I was too young to remember my favorite villagers that didn't make it into the newer games. Lol,lucky me!:3


----------



## ToxiFoxy (Jan 1, 2015)

I am just looking up old villagers lol me too, I am just 12


----------



## Astro Cake (Jan 1, 2015)

Vanessa looked pretty cool, she's a lot different looking than the other female wolves.


----------



## Tinkalila (Jan 2, 2015)

All the sheep villagers that got the boot.


----------



## Jarrad (Jan 2, 2015)

i miss lucas


----------



## Boccages (Jan 2, 2015)

I really really miss Olive who used to call me 'sweet pee' while setting up her igloo during those long winters playing Animal Crossing on my GameCube.

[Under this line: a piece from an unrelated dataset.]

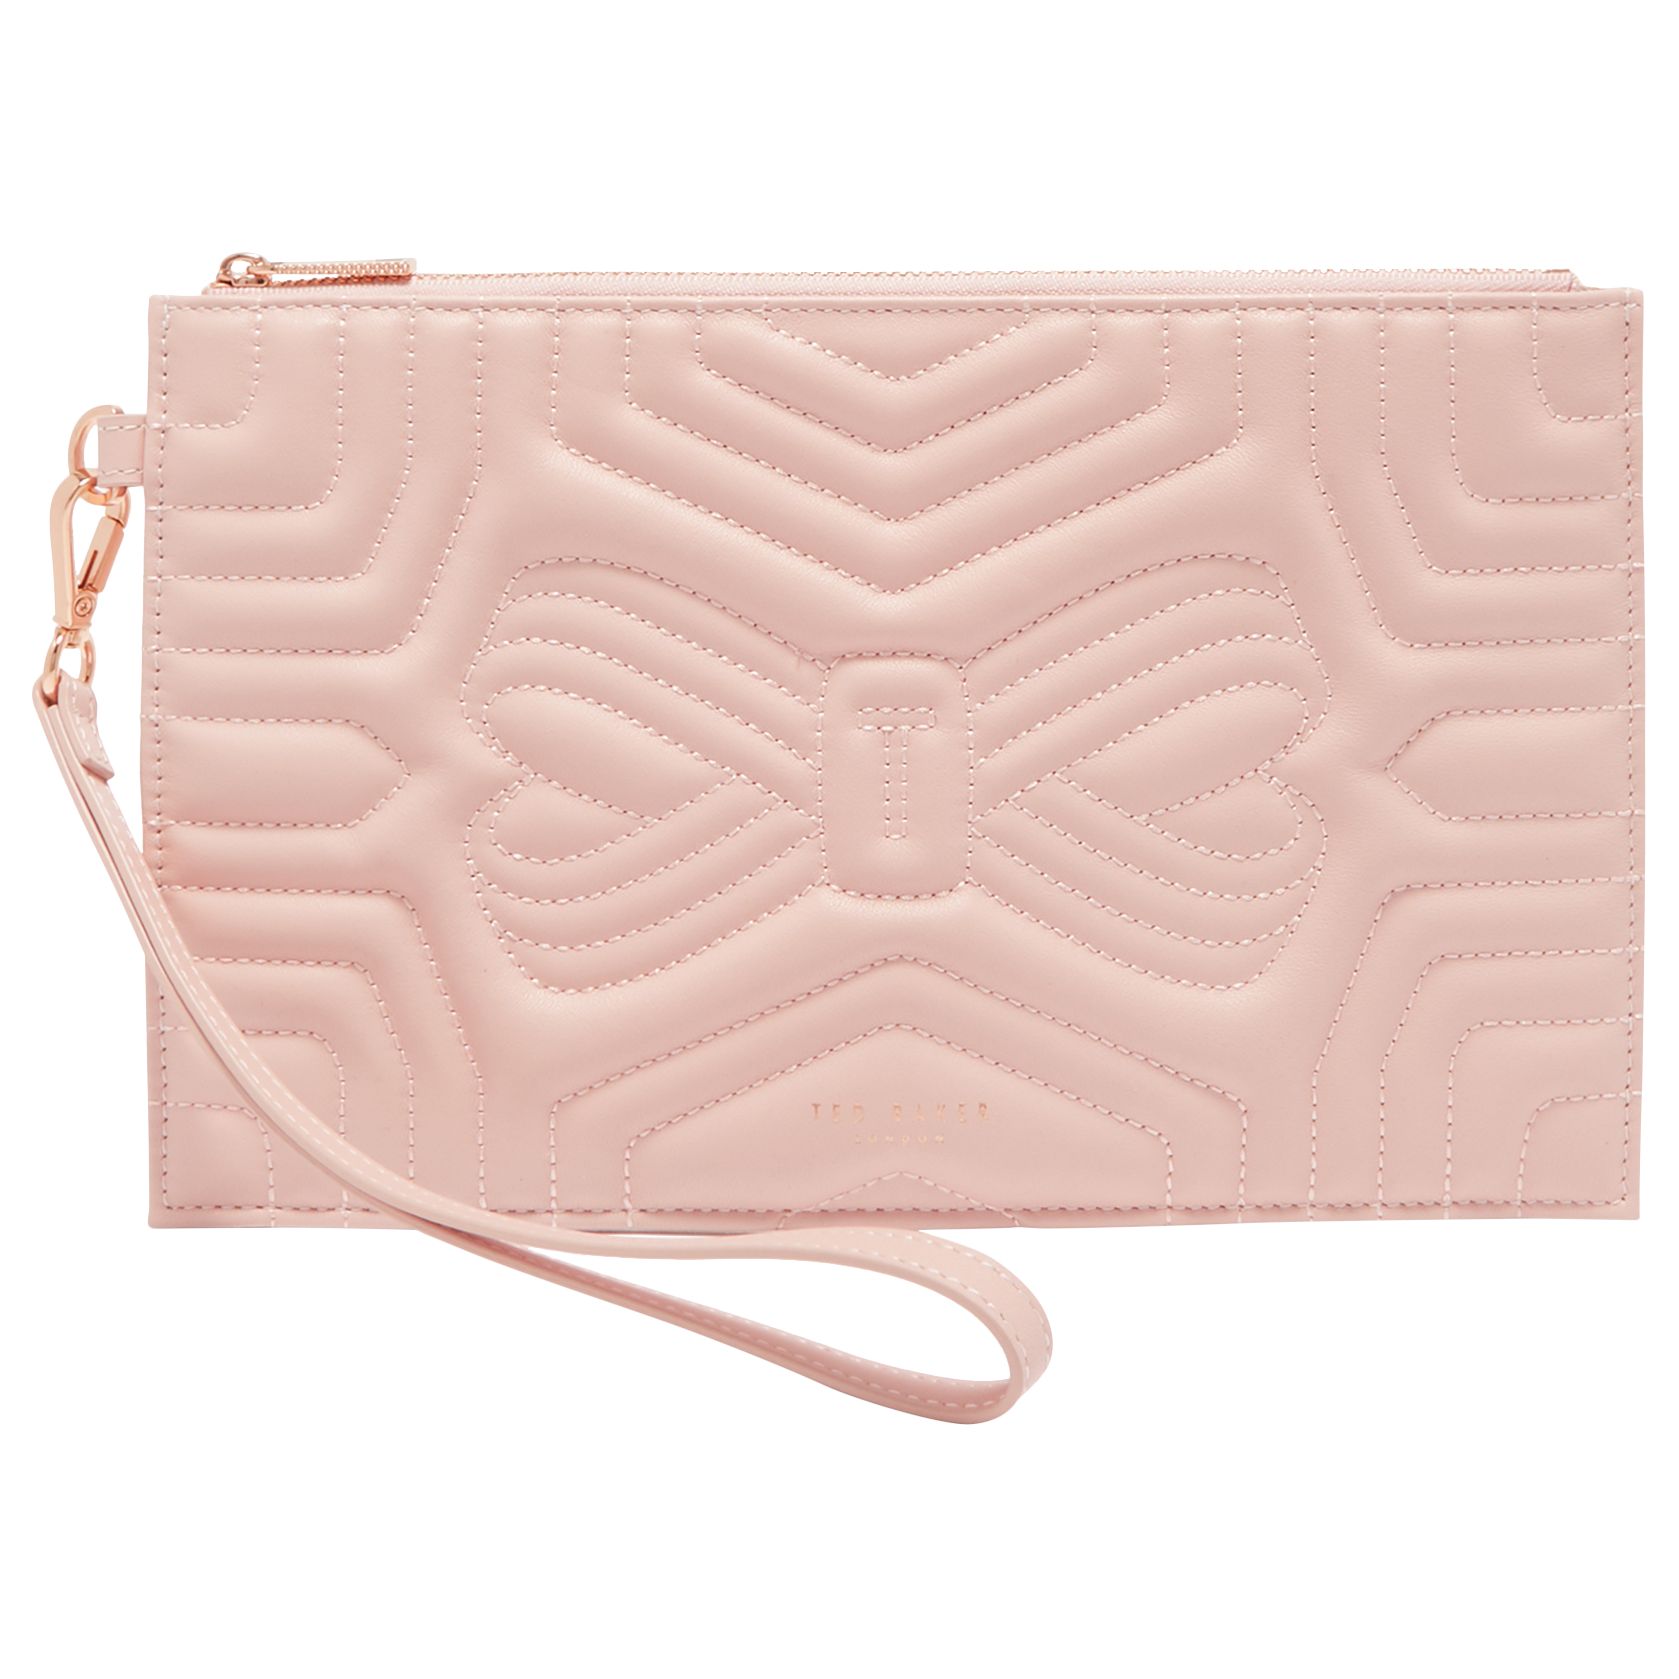 Ted Baker Verda Quilted Leather Wristlet Pouch Review

So I made this quick doodle on Miiverse the other day :


----------



## Spongebob (Jan 4, 2015)

Woolio


----------



## MayorMedli (Jan 4, 2015)

I wish candi the pink mouse was in new leaf.


----------



## toadsworthy (Jan 4, 2015)

Spongebob said:


> Woolio



hands down one of the best names in Animal Crossing lol


----------



## Noodledude (Jan 5, 2015)

I want Dobie back! he was my islander in the GC game.


----------



## RhinoK (Jan 5, 2015)

10/15 of my GameCube town is PG exclusive villagers that didn't return in Wild World or after. 
I really miss Gonzo, Iggy, Stella, Huggy, Belle, Bitty, Tiara and Boris from my town. Thankfully Ozzie returned <3 It's a long stretch but I really hope that all the villagers return in (assuming there will be, I don't understand why there won't be) in the Wii U version. If they do that'd be enough to make me play it!


----------



## Chiisanacx (Jan 6, 2015)

I miss Maddie ; ~ ; , But the Hazel in Animal Crossing was adorable nek minute removes her and replaces her with a squirrel with a monobrow in New Leaf ~ Y U DO DIS ACNL


----------